Have day centres had their day?


Posted on November 14th, by geoff in Caring Times, CT blog. 1 Comment

By Caring Times editor Geoff Hodgson

I think it’s generally agreed that social care is in a state of flux, and it’s not all because of inadequate public funding. Changing expectations, professionalisation of the workforce, the nurse shortage and more thoughtful design and configuration of physical environments are some of the other major influences which challenge traditional models of care delivery.

We are witnessing the evolution of many species of retirement-with-care schemes and homecare is freshening-up its offering now that operators are increasingly putting themselves at arm’s length from the pittance-paid provision commissioned by local authorities.

But we don’t hear much about day centres. We know they have been closed left, right and centre by local authorities in response to the austerity agenda, and that some forward thinking care home providers have them as a bolt-on to care homes in an enlightened endeavour to engage with local communities, but it’s hardly a growth area.
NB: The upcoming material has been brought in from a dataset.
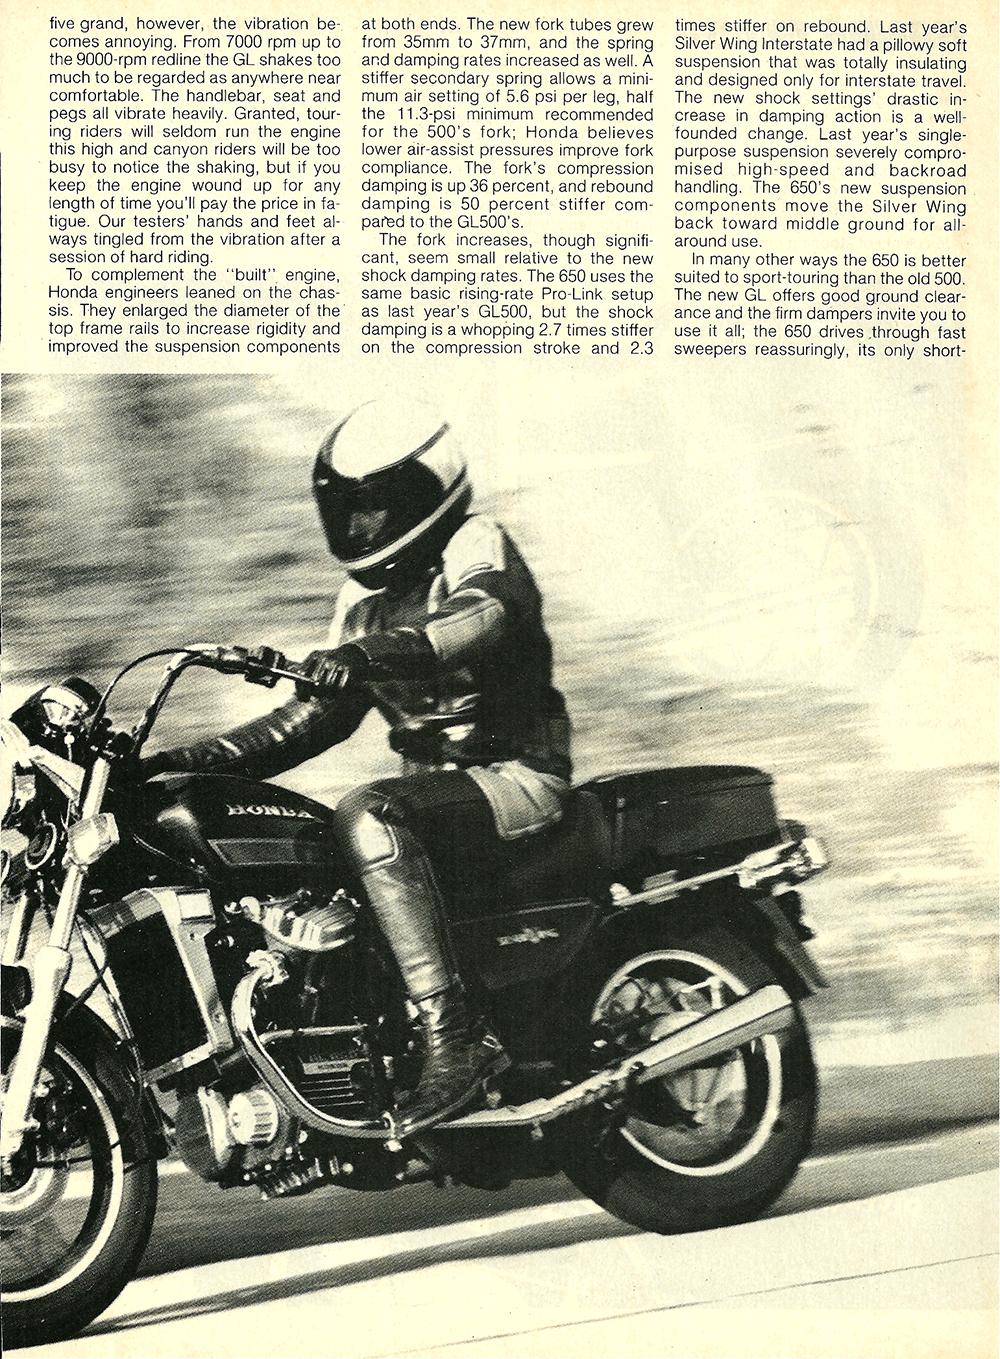 1983 Honda GL650 Silver Wing road test 5.jpg

Day centres are problematic for the private provider. Unlike a care home placement, day care is often a discretionary purchase and in today’s western world, the sense of community is often lacking, and we all know of elderly people who resolutely refuse to go to a day centre “because they are full of old people”. Perhaps this model of provision is best delivered by local social enterprises but I think that the private sector is in danger of missing a trick if they do not include day care as part of a diversified portfolio.

But it needs to be done well. It needs to offer much more than boiled beef, bingo and Elvis impersonators.

  • The CT Blog is written in a personal capacity – comments and opinions expressed are not necessarily endorsed or supported by Caring Times.




One response to “Have day centres had their day?”

  1. One way forward – already happening in some areas – is for care providers to work in partnership with housing associations, as they often run what (for them) are ancillary day services but because they are already working with a broader age group/more diverse group of people to start with, they tend not to be trapped in the ‘Elvis impersonator’ model, as you say. They’re also a great way to bring generations together.